Saved data entries
"""
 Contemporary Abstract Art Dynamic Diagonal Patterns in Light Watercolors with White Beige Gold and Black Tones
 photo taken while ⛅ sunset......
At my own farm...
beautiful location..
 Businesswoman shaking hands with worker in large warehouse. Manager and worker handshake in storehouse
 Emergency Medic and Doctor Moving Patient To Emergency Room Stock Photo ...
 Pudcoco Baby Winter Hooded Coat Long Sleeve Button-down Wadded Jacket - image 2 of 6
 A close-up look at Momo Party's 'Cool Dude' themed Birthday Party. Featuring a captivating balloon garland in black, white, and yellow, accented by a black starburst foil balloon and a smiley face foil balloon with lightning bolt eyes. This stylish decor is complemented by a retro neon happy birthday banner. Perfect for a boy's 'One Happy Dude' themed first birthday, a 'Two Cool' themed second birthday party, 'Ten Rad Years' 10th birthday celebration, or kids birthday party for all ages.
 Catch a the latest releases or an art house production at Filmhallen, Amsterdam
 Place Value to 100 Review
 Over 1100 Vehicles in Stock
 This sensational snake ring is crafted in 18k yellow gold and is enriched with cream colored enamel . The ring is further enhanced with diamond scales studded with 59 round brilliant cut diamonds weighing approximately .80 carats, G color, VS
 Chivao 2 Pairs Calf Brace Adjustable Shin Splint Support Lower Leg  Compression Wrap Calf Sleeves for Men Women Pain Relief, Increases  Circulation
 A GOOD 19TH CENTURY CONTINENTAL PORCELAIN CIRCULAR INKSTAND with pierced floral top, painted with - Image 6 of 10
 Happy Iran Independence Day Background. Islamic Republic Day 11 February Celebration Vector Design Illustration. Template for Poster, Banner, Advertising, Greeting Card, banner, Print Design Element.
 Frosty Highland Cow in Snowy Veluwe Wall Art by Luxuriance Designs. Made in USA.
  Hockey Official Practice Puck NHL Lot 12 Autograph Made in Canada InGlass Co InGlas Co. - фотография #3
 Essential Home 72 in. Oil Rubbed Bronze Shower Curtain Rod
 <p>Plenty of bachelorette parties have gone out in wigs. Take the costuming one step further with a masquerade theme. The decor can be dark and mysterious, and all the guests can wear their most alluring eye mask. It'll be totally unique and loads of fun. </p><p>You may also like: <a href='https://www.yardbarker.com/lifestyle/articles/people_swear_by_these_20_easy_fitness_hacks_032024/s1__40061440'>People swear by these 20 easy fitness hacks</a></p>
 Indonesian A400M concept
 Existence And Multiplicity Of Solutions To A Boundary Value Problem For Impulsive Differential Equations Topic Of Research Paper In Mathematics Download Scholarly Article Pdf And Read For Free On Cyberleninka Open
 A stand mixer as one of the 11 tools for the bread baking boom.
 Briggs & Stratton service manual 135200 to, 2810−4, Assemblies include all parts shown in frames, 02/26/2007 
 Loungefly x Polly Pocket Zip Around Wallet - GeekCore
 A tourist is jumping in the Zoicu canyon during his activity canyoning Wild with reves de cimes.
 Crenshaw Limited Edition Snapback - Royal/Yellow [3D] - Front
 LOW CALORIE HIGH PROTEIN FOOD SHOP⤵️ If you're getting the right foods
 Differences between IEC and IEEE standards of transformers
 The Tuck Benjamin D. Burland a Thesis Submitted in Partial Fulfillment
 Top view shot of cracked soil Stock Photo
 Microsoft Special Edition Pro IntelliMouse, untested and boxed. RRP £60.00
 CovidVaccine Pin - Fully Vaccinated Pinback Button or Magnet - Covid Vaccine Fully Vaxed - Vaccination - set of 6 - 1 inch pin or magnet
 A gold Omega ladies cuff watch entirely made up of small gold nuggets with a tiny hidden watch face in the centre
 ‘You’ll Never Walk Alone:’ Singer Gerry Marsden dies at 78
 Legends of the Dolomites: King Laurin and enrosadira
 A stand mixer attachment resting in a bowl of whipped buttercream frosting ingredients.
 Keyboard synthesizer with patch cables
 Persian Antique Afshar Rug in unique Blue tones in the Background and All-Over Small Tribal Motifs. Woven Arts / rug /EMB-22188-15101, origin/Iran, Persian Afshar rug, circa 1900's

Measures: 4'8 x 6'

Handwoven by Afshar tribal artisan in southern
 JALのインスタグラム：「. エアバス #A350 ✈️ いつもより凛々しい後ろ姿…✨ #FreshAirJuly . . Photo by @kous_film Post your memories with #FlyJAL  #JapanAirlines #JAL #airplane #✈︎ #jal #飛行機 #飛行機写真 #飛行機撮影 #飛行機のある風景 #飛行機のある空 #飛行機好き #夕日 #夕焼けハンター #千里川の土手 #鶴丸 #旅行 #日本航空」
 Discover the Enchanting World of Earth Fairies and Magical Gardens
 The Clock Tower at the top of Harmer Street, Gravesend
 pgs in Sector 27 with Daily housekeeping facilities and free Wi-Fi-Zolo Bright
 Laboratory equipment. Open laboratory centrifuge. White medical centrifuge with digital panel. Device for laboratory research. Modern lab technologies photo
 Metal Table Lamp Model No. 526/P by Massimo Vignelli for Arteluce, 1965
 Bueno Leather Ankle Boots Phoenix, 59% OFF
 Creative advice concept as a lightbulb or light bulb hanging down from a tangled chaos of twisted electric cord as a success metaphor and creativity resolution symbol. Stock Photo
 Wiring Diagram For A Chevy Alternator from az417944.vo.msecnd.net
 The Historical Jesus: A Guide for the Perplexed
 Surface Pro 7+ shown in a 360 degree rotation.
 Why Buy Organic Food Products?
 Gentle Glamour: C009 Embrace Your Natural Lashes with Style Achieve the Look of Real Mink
"""
• [Task brief]:
Beginning with the line above that contains "Hockey Official Practice", copy each line exactly up to and including the line that contains "Essential Home 72", and go no further.

• [The answer]:
  Hockey Official Practice Puck NHL Lot 12 Autograph Made in Canada InGlass Co InGlas Co. - фотография #3
 Essential Home 72 in. Oil Rubbed Bronze Shower Curtain Rod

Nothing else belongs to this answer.